Now, reasons why it’s dangerous to be a trans man:
1) Does this sound familiar? “Straight men want to date women. Gay men want other men. Women will date other women, so would want to date you?” Don’t say you haven’t thought that when anyone trans comes along. That thought guided my own logic about my own social identity. No one would want me if I became trans. Those thoughts alone are dangerous. They’re restrictive. They’re prohibitive. They’re like a corset that’s been laced too tight that will slowly choke the life out of you. Hell, it may betray you by thrusting a piece of broken bone right into your lungs, choking on your own blood.
Startling, isn’t it?
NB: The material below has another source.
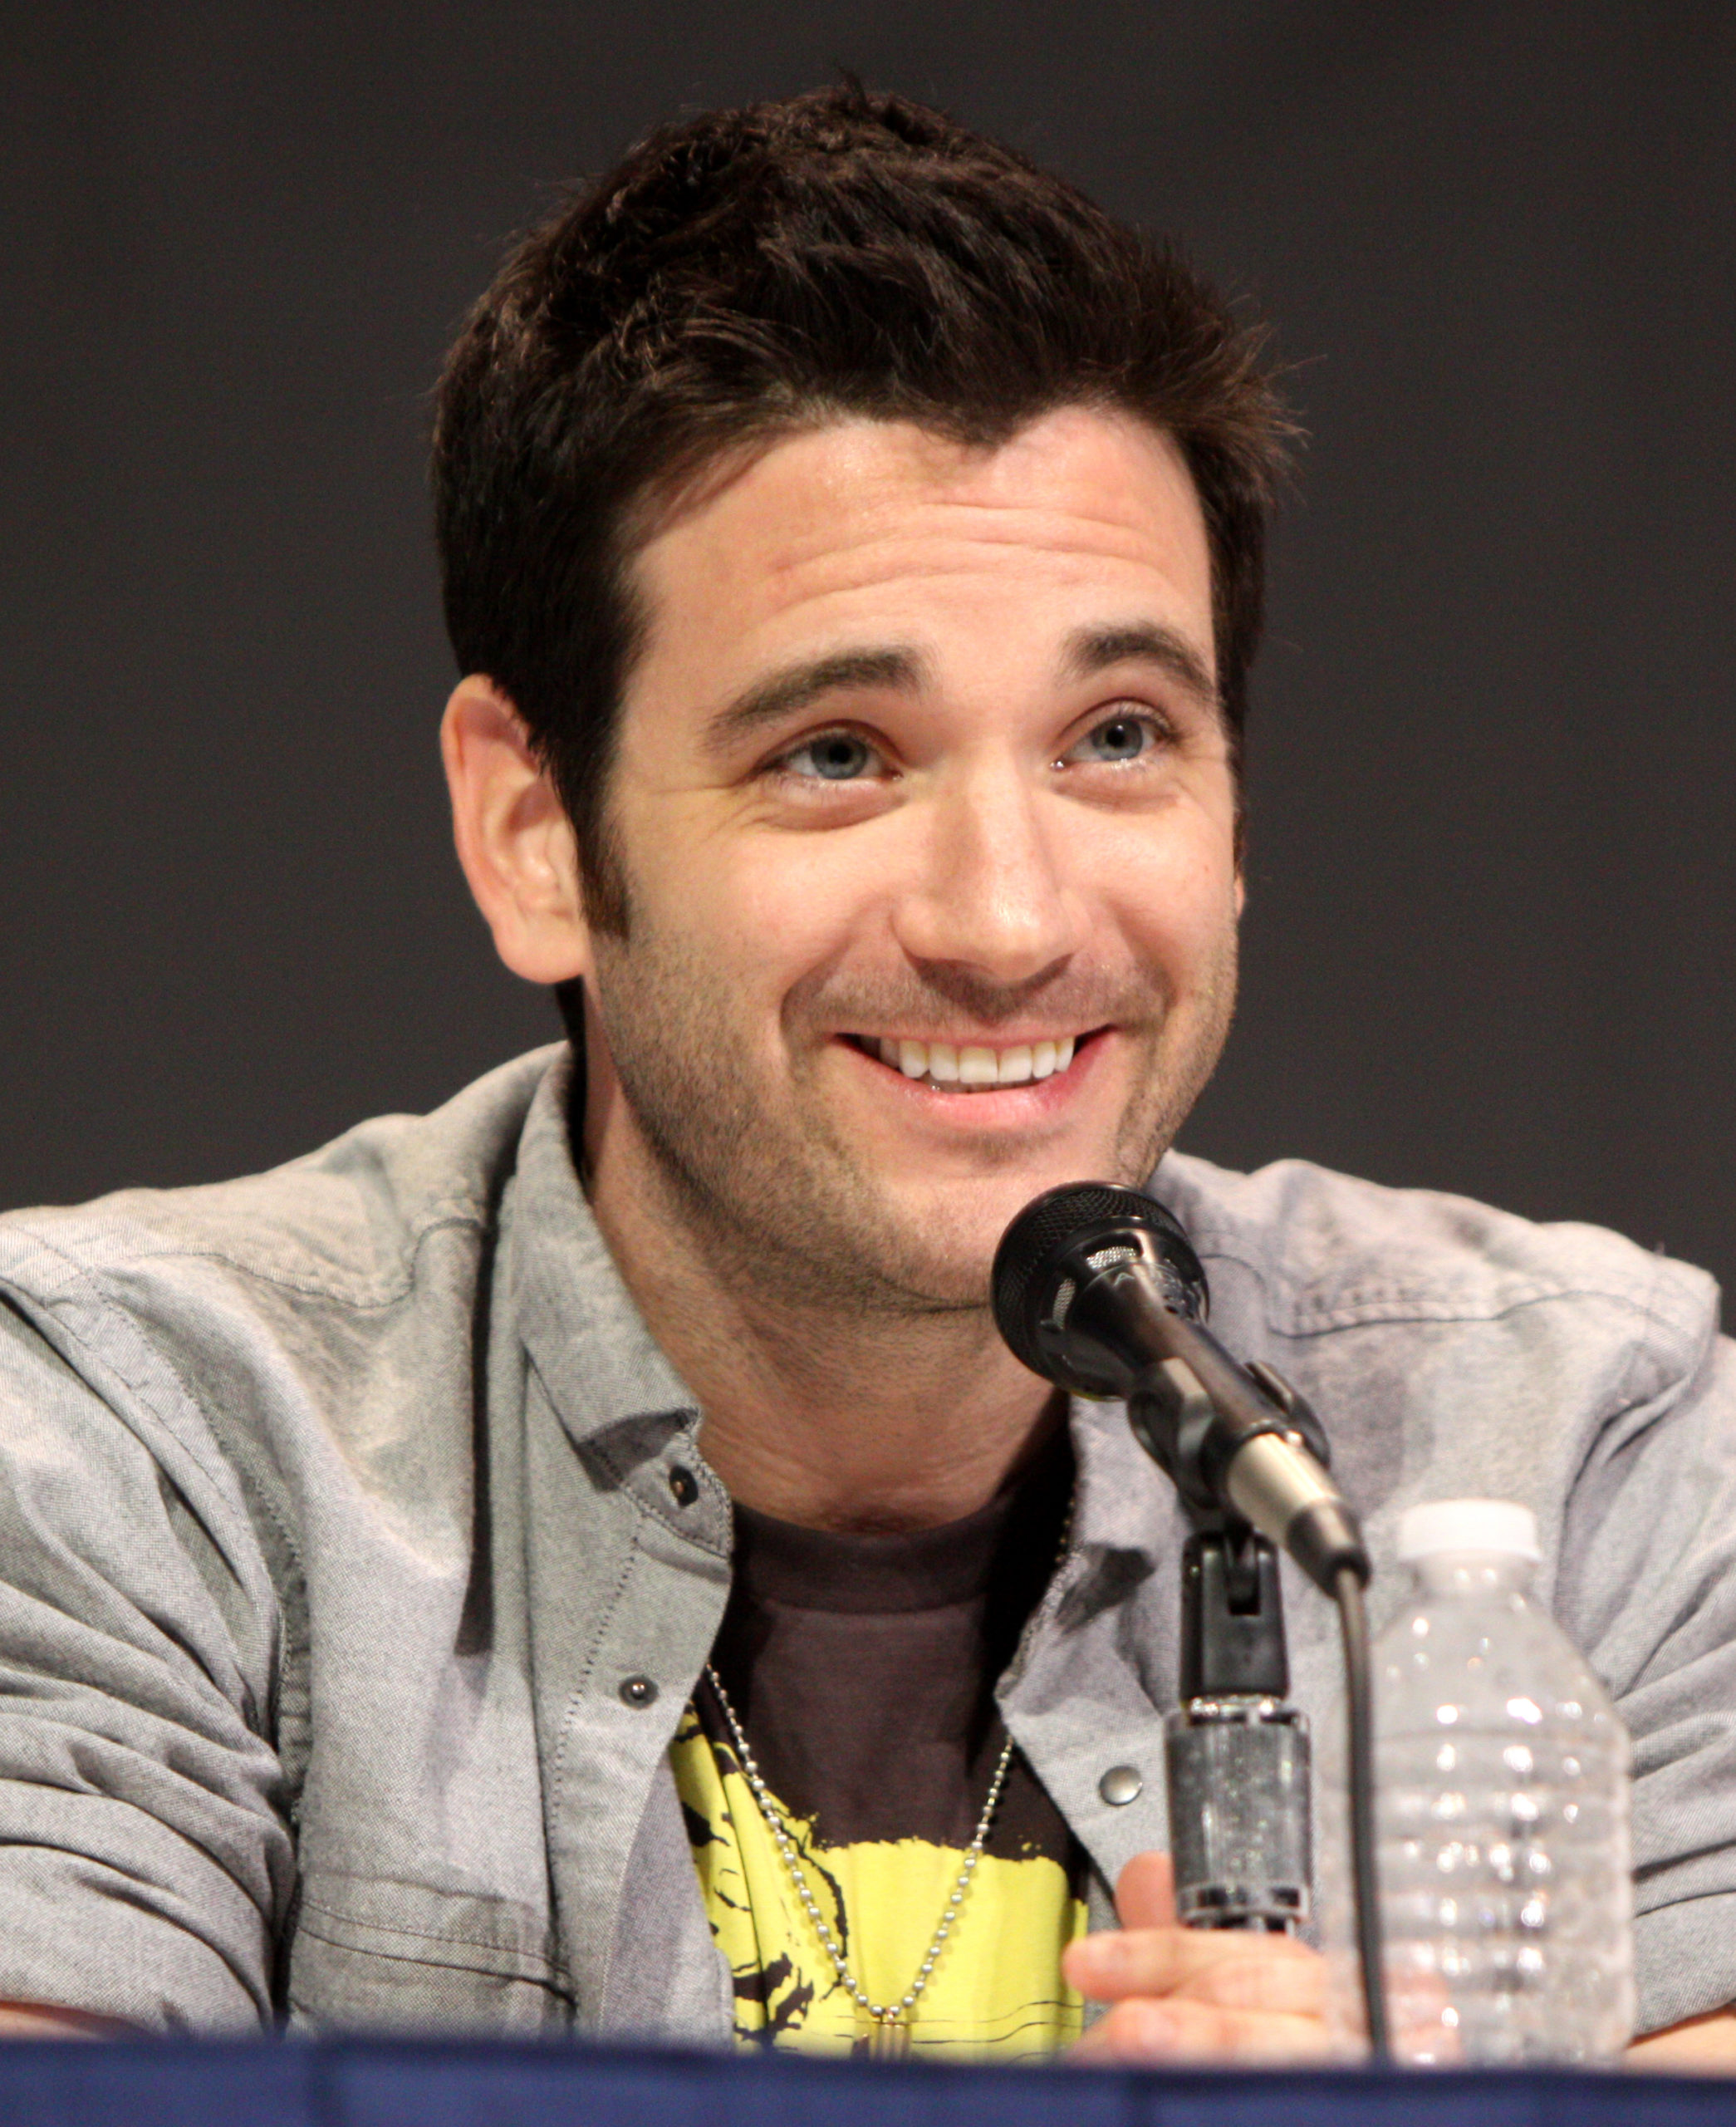 Chicago Med alum Colin Donnell Lands Major TV Show Role 2 Years After His Exit

Imagine living like that every day, but instead of your thoughts acting as the corset, it’s society. That restrictive nature choking out what life you have left until you have someone unlace you — or you figure out how to get out of it yourself. But even after that, someone could kill you for not fitting into the corset that they put on a pedestal to worship. You ruined their parameters of what fit into the boxes in their heads — and now you’re the one who has to pay for the breaking of their psyche. Because it’s your fault that you don’t fit in. It’s your fault that you do these things and hurt others with your own “selfish” desires. Because. It’s. All. Your. Fault.
(And this goes the same for any woman, trans or cis. It’s your fault. It’s all your fault. Doesn’t even matter what it was. It’s your fault.)
2)  I have dressed like a man on several different occasions, and I immensely enjoy it when someone calls me sir. I’m not going to lie. It makes me feel good inside, not because I trick them, but it’s like someone recognizes you and says your name right when you have a slightly complex name. But even then, you get looks when someone doesn’t quite know what to do, especially those from a traditional background. The men will look at you as if you’re a spy trying to get into their secret club. To go around alone is dangerous. You’re seen as a deviant in most settings, or that something is seriously wrong with you — and many don’t know how to take that. They’re confused, and that confusion startles them. It shakes them. And anything that causes a hiccup in their understanding of their world, their perspective, it’s alarming and seen as a threat and MUST be dealt with immediately by any means necessary. 
Often meaning violence. Because you’re an aberration. You don’t fit in, you pariah. You mean to do this. 
Well, yes, but not in the ways you think. I don’t do this simply because I feel like I want to be labeled as a pariah. I do it because I want to… because for once in my goddamn depressing life, I feel… whole. I want to feel as whole and comfortable as you. Why do you look at me with such disdain? I want to be just like you. I don’t want to trick you. I want to just be. Just be and only be without fear.

I have lived my entire life in fear in either direction. Being a woman didn’t fit and, quite frankly, fucking terrified me that I had to succumb to this preordained disgusting dogma. Being a trans man didn’t completely fit either because I still like to do feminine things — like dressing up and makeup — sometimes. I still have feminine mannerisms that I have to figure out are hard wired or removable and if I want to be rid of them. I’m figuring it out. But on whichever place I stand, I am telling you I am terrified. I am simply terrified of the current environment, and even where I stand now in my gender-neutral area. How do I tell the person I’m dating that I really don’t like feminine pronouns… that even in my stand, I hate the term “girlfriend”? I hate it with passionate abhorrence. My dream? “Boyfriend”. I told him about my own issues with my gender identity and seems alright with it, but time will tell.  

Time will tell the end of this tale. I only hope your part in it is for a construction of an environment where people like me don’t have to fear anymore. We don’t have to survive. We can thrive. We can become us without discrimination, without hate, and without this stifling corset. It’s a damned funny and gross color anyhow.